Charles Darwin: The Origin of Species by means of Natural Selection

CHAPTER XI. ON THE GEOLOGICAL SUCCESSION OF ORGANIC BEINGS.
6. ON THE SUCCESSION OF THE SAME TYPES WITHIN THE SAME AREAS, DURING THE LATER TERTIARY PERIODS. (continued)

On the theory of descent with modification, the great law of the long enduring, but not immutable, succession of the same types within the same areas, is at once explained; for the inhabitants of each quarter of the world will obviously tend to leave in that quarter, during the next succeeding period of time, closely allied though in some degree modified descendants. If the inhabitants of one continent formerly differed greatly from those of another continent, so will their modified descendants still differ in nearly the same manner and degree. But after very long intervals of time, and after great geographical changes, permitting much intermigration, the feebler will yield to the more dominant forms, and there will be nothing immutable in the distribution of organic beings.

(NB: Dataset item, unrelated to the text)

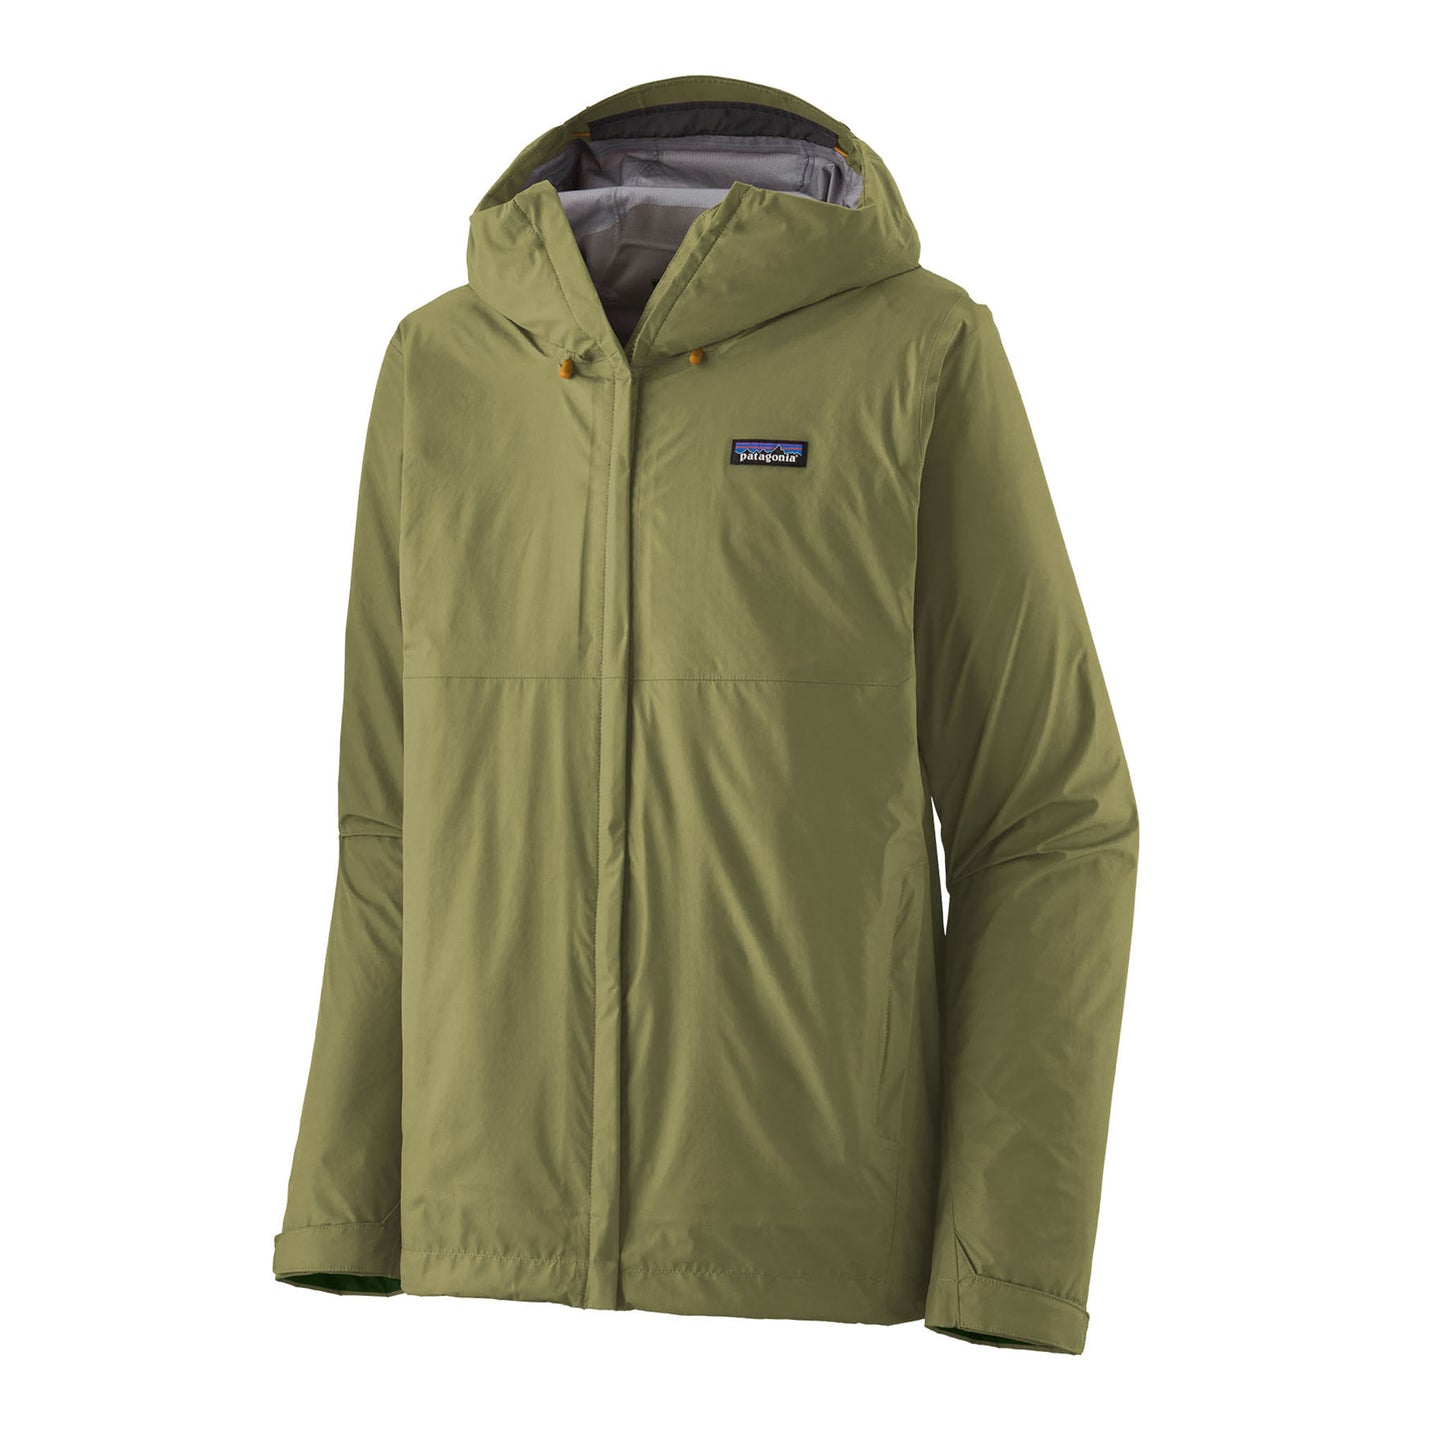 Men's Patagonia Torrentshell 3L jacket in green

It may be asked in ridicule whether I suppose that the megatherium and other allied huge monsters, which formerly lived in South America, have left behind them the sloth, armadillo, and anteater, as their degenerate descendants. This cannot for an instant be admitted. These huge animals have become wholly extinct, and have left no progeny. But in the caves of Brazil there are many extinct species which are closely allied in size and in all other characters to the species still living in South America; and some of these fossils may have been the actual progenitors of the living species. It must not be forgotten that, on our theory, all the species of the same genus are the descendants of some one species; so that, if six genera, each having eight species, be found in one geological formation, and in a succeeding formation there be six other allied or representative genera, each with the same number of species, then we may conclude that generally only one species of each of the older genera has left modified descendants, which constitute the new genera containing the several species; the other seven species of each old genus having died out and left no progeny. Or, and this will be a far commoner case, two or three species in two or three alone of the six older genera will be the parents of the new genera: the other species and the other old genera having become utterly extinct. In failing orders, with the genera and species decreasing in numbers as is the case with the Edentata of South America, still fewer genera and species will leave modified blood-descendants.